PTの我々の現在のモデルは、（例えば、水銀ランプ、メタルハライドランプ、または488 nmの波長のレーザーのような）光源と落射蛍光顕微鏡が装備されている任意の実験室のような任意の高価な機器の購入を必要としないことができこの手順を実行します。また、この技術は複雑であり、ある大動脈の組み合わせ閉塞、左鎖骨及び内胸動脈²⁵および修飾大動脈クロスクランプ法²⁶などの他のSC虚血モデルと比較して、開口部の大きさを調整することにより、梗塞の大きさの制御を提供します極めて侵襲。我々のモデルでは可視化のための椎骨の薄い背面への高速ドリルが椎弓切除、SCIを誘導する多くの研究室による選択の方法に代わるものとして選ばれました。椎弓切除術は、椎骨血管の切断に起因する過度の出血を引き起こす可能性があり、これは撮影のためにフィールドを不明瞭かもしれない椎骨の切断を伴います。いくつかのプロトコルは、椎弓切除術の間に過度の出血をクリアするために綿棒を使用することをお勧めしていても、それは、SCへの追加の損傷を引き起こす可能性が圧縮になることがあります。また脊髄の露出面は、血液​​およびその構成要素、ならびに実験に不要な変動を追加することができますカット骨の鋭いエッジと直接接触することができます。現在PTモデルを使用して、異なる大きさ及び深さの梗塞は、光源、露出面の露出面積との継続時間の強度を簡単な操作により生成することができます。現在の研究は、SCにT11の中央領域に虚血を生成しますが、この方法はまた、吻側ツー尾に沿った異なる位置での梗塞ならびに脊髄、MIGの横方向を生成することができますHT対麻痺の虚血の地域固有の効果を理解するメリットがあります。照明は、脊髄の表面上にあるが、一方、光が組織内の特定の深さまで浸透する可能性があり、損傷はまた灰白質に誘導することができます。ローズベンガル全体循環系に分布するように動物種が同じであり、年齢および体重が類似している場合、我々は一貫性病変がPTによって誘発される皮質虚血のように生成することが期待します。

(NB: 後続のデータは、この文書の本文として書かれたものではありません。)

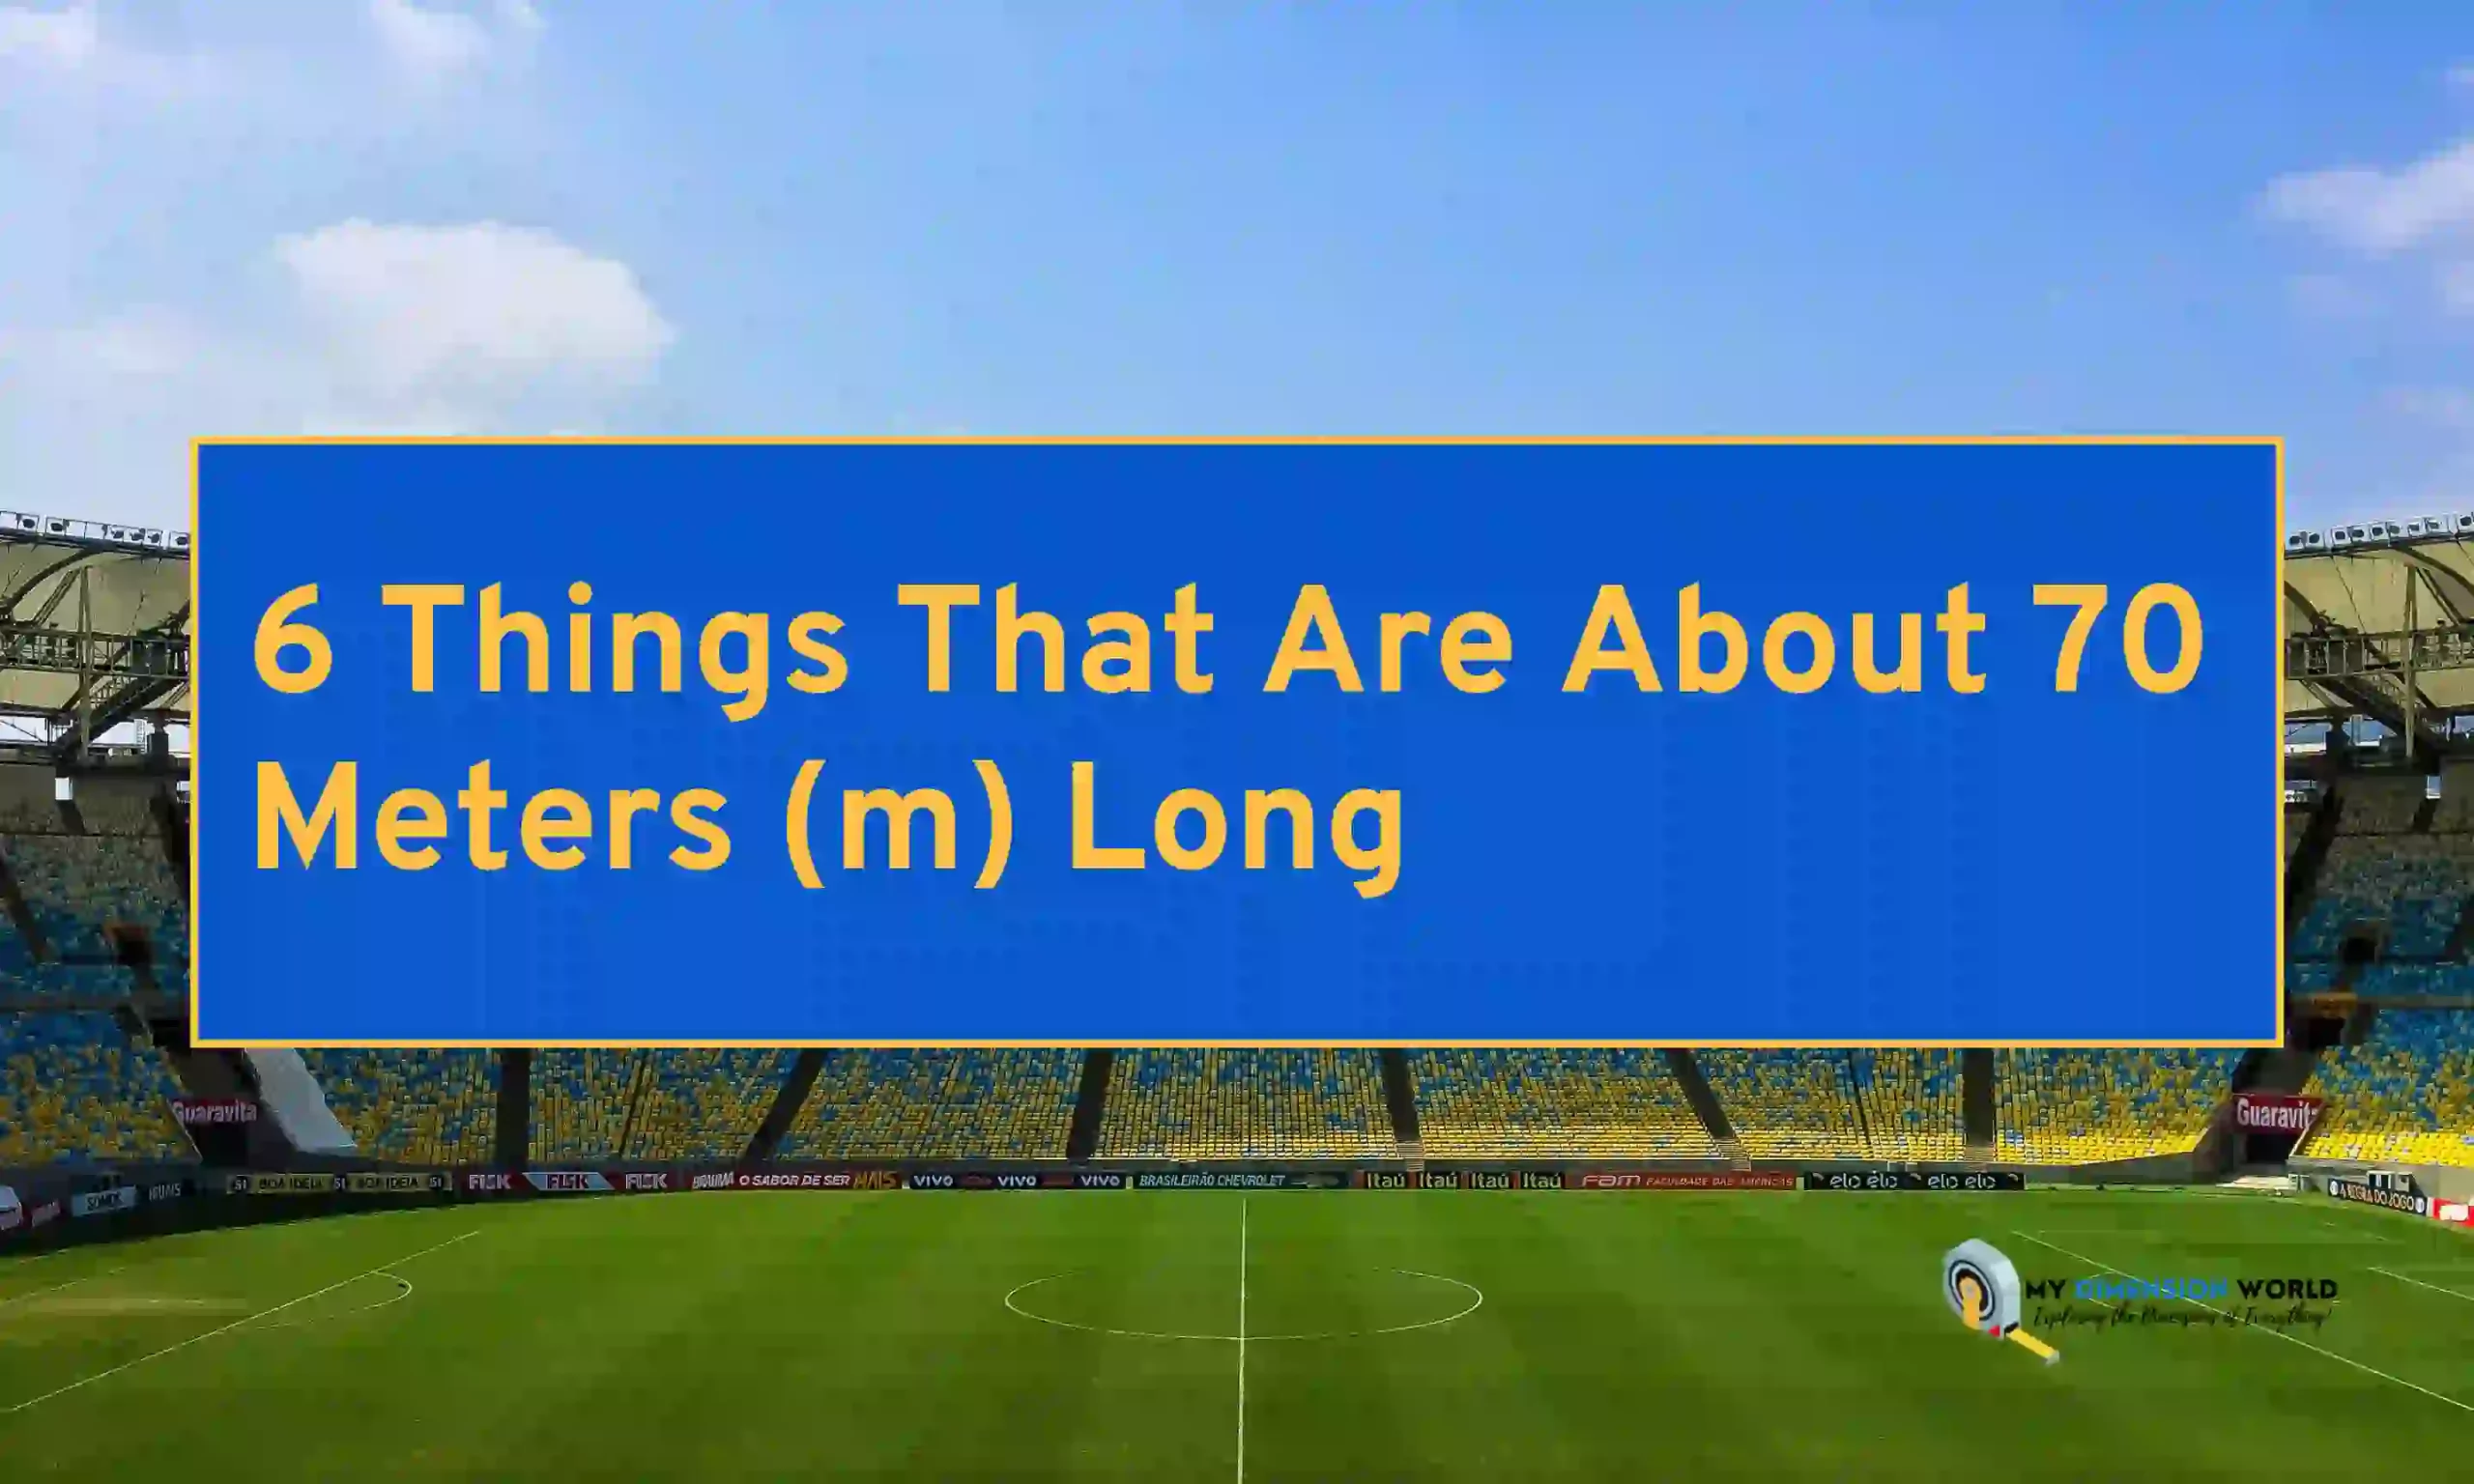 6 Things That Are About 70 Meters (m) Long

PT誘発性虚血の他の主要な利点は、動物の非常に低い死亡率です。低死亡率は長期生存の研究は、生存と運動機能回復の虚血性傷害の時間的効果の解明に有用であるかもしれない行うことができることを意味します。また、このモデルでは、通常、傷害^14,19,27-29の慢性期の後期に起こる細胞修復メカニズムの理解を助けることができます。このモデルは、Bもでき、かなりの運動機能障害を生成しますeは機能回復の神経保護剤の有効性を評価するために使用されます。また、このモデルはまた、軸索変性と再生、ニューロンおよびアストロサイトのCa ²⁺シグナル伝達と二光子顕微鏡を用いて、生きたマウスでの過負荷などのSCI後の病理学的変化の研究を可能にします。

他のすべてのSCIモデルと同様に、PTは欠点を欠いではありません。この手法の欠点は、皮質PTで見られるものと同様です。欠点のいくつかは、多くの神経保護薬の標的である、解剖学的に明確な虚血性ペナンブラの欠如、および再灌流の不在を含みます。これはよく再灌流後の虚血を大きく反応性酸素種の産生、炎症細胞の浸潤および増加したサイトカイン産生^30-32などの変化によって特徴付けられることが知られています。 PTでの再灌流の欠如は、SCで再灌流障害に関連した変更は、このモデルを用いて研究することは困難ままにすることを意味します。しかし、PT誘発される虚血を使用する利点は欠点を上回ると、この技術は、マウスでSCIを生成する実行しやすく、再現性の高いモデルと研究者を提供します。

The authors have nothing to disclose.

この作品は、国立衛生研究所[助成金なしでサポートされていました。 R01NS069726]と援助グラントのアメリカ心臓協会グラント【グラントありません。 13GRNT17020004] SDへ。